You know the deal. We have our two newsletters, the Sunday update, all I guess events newsletter, Matt AI is driving me freaking crazy. My marketing team, originally it was funny when they stuck my face on Taylor Swift's body, but for Halloween, they stuck my face on Michael Myers body and Freddie Krueger's. And I have to say, Freddie Krueger, it looks so real that I had a second guess myself.

So that's all that stuff's in the Sunday update. All I guess events is all the conferences, trade show and expos. We put them in your inbox once a month and then all of Matt's links to our social channels are there. Follow us wherever you, wherever you are, like Matt said, then our insiders group, we're still working on it.

We're going to kick it off next year. So stay tuned for that. You know, Matt, do you have a LinkedIn failure tip of the week? What do you even talk about that before we jumped on the microphone? I would tell you that LinkedIn is so useful right now to connect with people.
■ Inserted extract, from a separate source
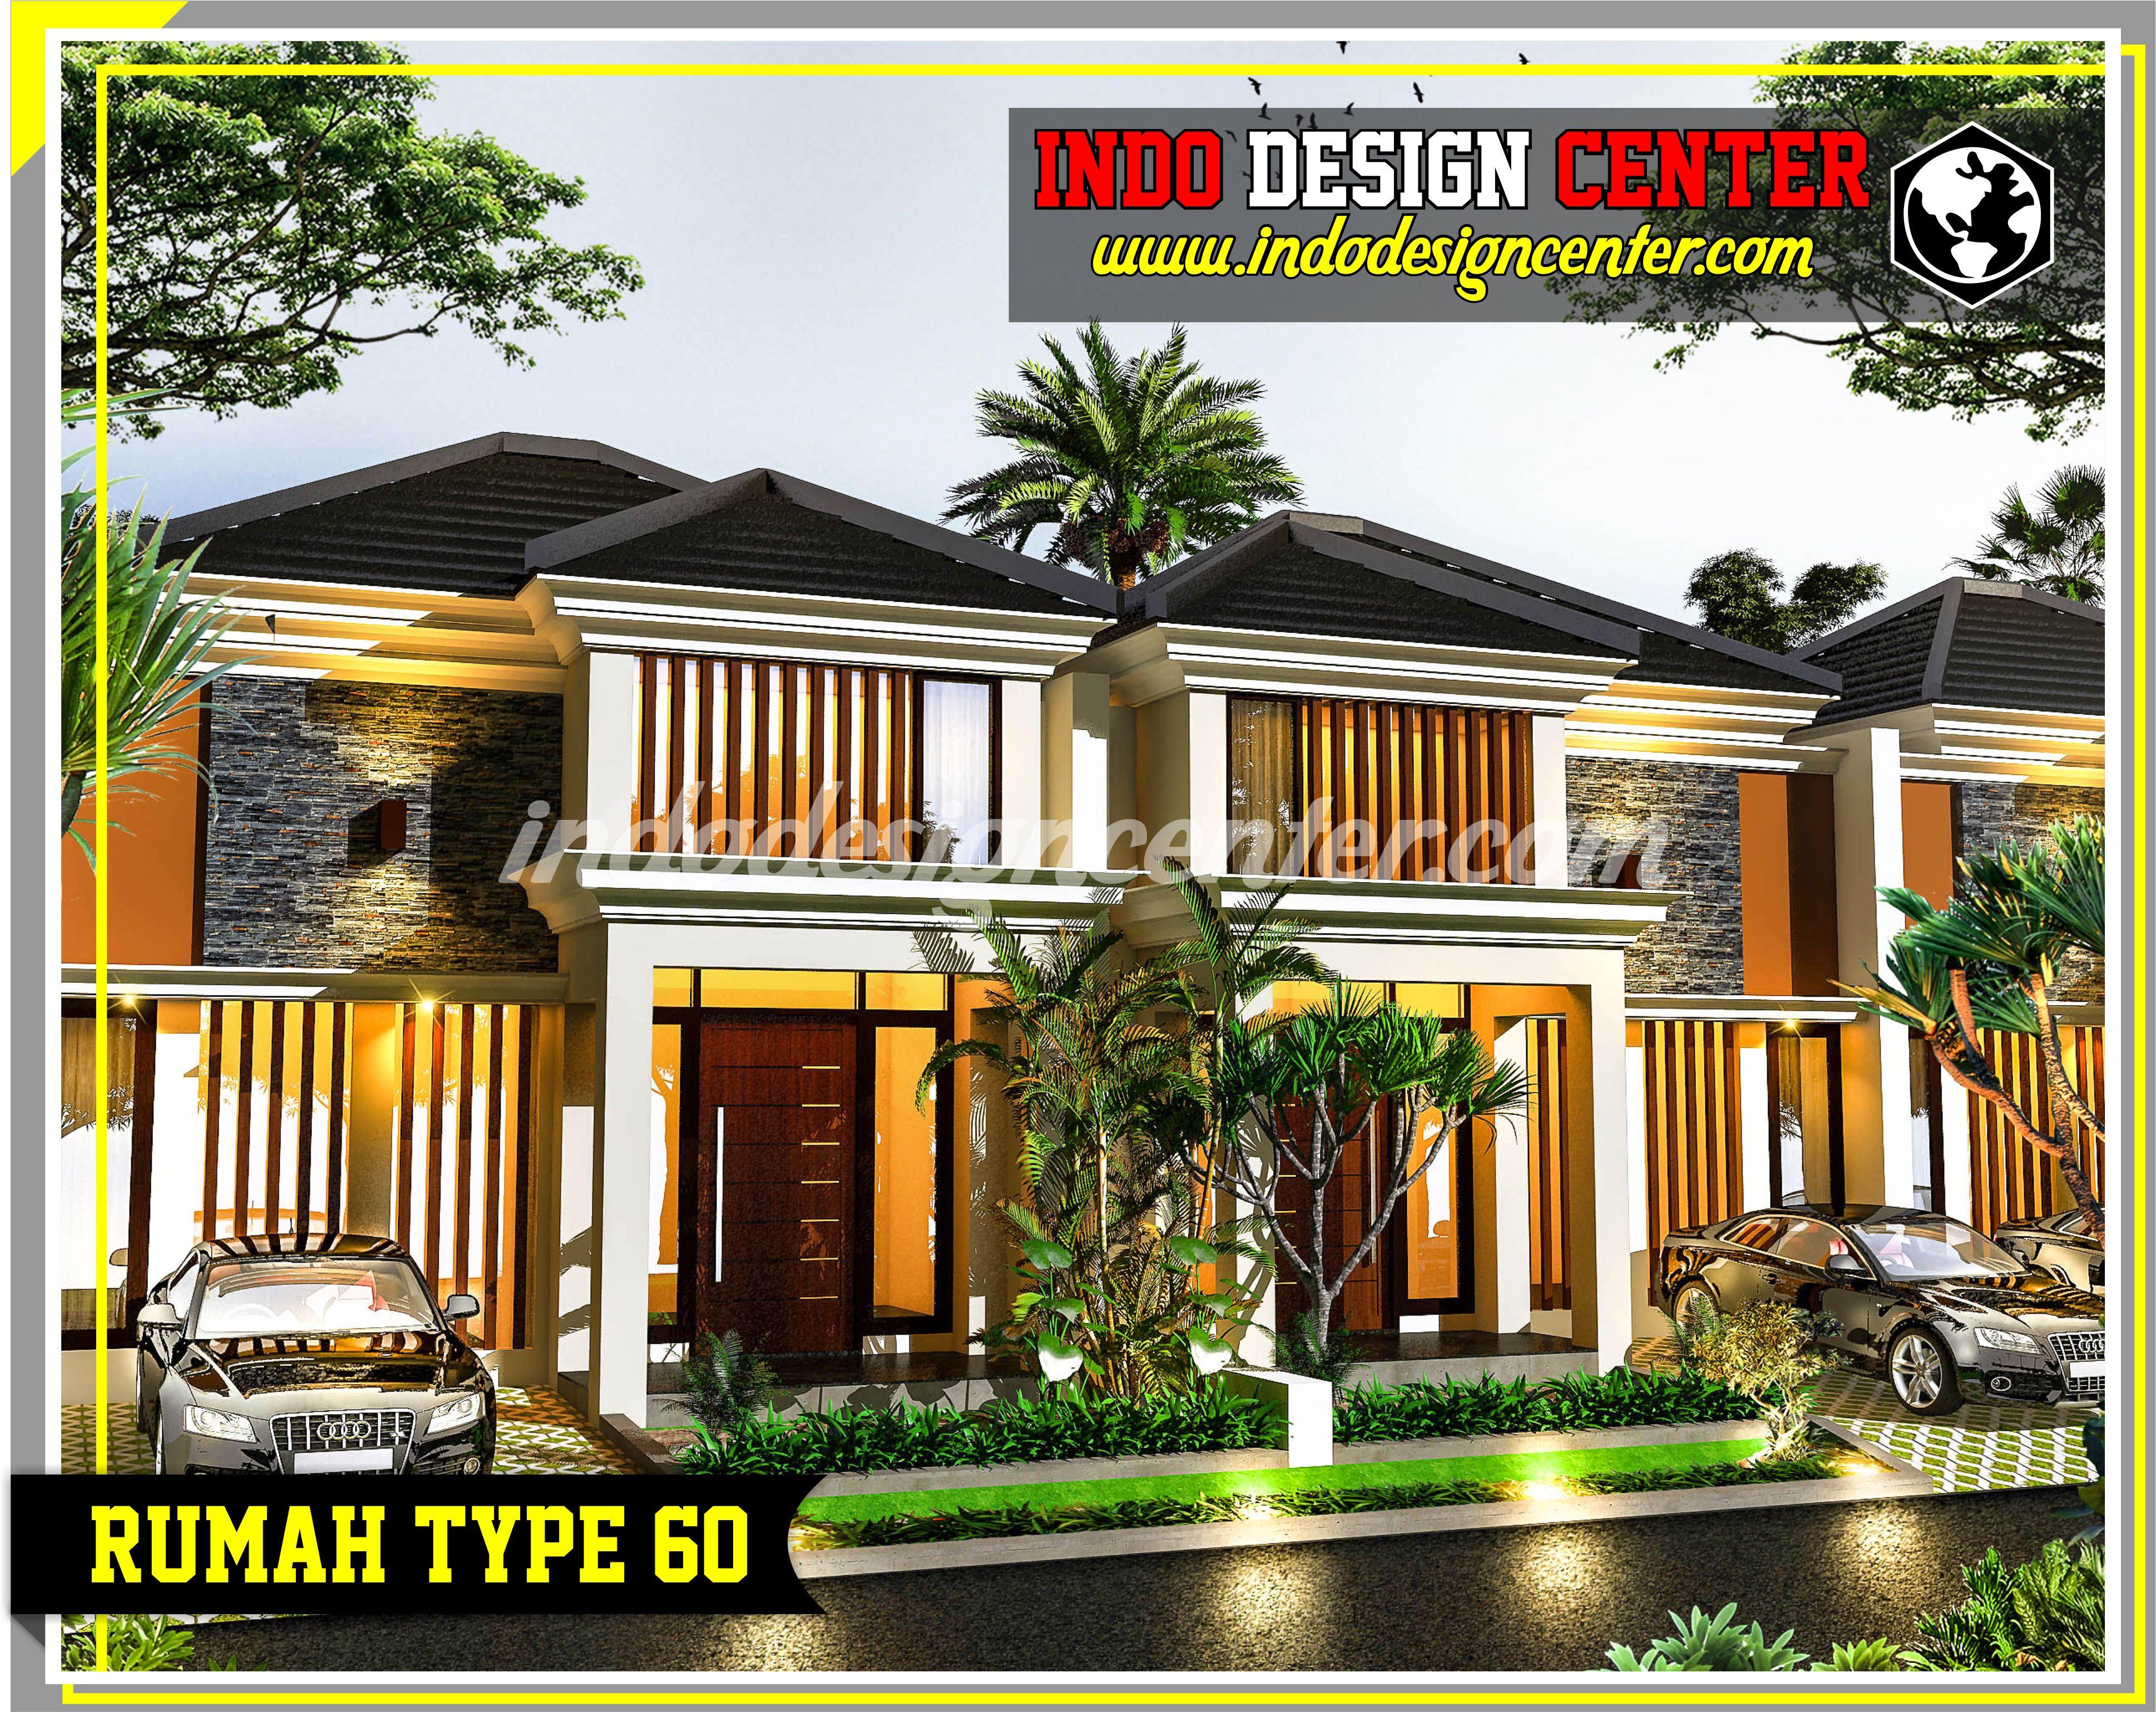 05 Desain Rumah Type 60 Kursus Privat AutoCad 2D 3D

And I think that they're doing a really good job of keeping down the noise because you

can only do. Yeah. It's gotten better for sure. So many requests. I would tell you, and this is really basic, but it's not something that I think we've even discussed.

If you're sending a LinkedIn invite to somebody, okay? It really should be somebody that you know, but you need to do it. After you meet somebody, you need to go on LinkedIn. I actually was failed by, there was a number of people that I've actually been working with, okay, that I had never connected with them on LinkedIn. So I was going to send them a quick message because I use LinkedIn as kind of like, hey,

like I'm going to instant message you or whatever, like our internal chat. And I like to use LinkedIn for that and I wasn't connected with these people. And then one person I wanted to connect with, I hadn't connected with so long. I think you need to make sure to put how you met that person because you don't know what they're doing or what they're seeing or whatever. And hopefully you did make an impression on them.

But I'm like, if you send a request, you only have a certain number of requests now that you can send. I want to make sure that they accept it quickly. So putting the description of where you met them in that is super important because I can tell you people are sending me requests and if I'm like walking or doing something or whatever, my brain's in a different place.

I might not connect immediately how I met that person and I'm trying to keep everything zero inbox cleaned up too. I might not accept that or dismiss that. I actually dismissed somebody or whatever it was called that I knew and I was like, oh no. And I sent them a request.

Well, the worst part of that is if they reach out to you to connect and you delete it, you can't go back and find it again. But Matt is 100% right. If you're reached out to people in LinkedIn, personalize the connection request just so that they know you're a real person, I get 10 to 15 people a day that are fake that basically say, hey, you look like you're an expert in your field.

Can I ask you a question? And I know it's not legit. So Matt's point is perfect when you're connecting people, put a little personal information there. Hey, we had lunch two weeks ago or I met you at a conference back in May or whatever. And then they know you're a real person and they're much more likely to accept your connection request.

And I would just say keep your contacts cleaned up. Keep your contacts up to date, even with email, which I know we're closing out here. If people only accept you as their contacts, your email could go to spam, especially on group emails. So if you send it to a couple of people or BCC, some of these servers are pretty harsh. And if you're not in their contact list and you send that, you're going to get a rejection.

And people are trying to get rid of noise and spam and stuff like that. Really have your clients get their contacts cleaned up or add you. And then you also making sure that your contacts are cleaned up on LinkedIn and your email just makes you more efficient. 100%. All right, we got to get out of here, folks.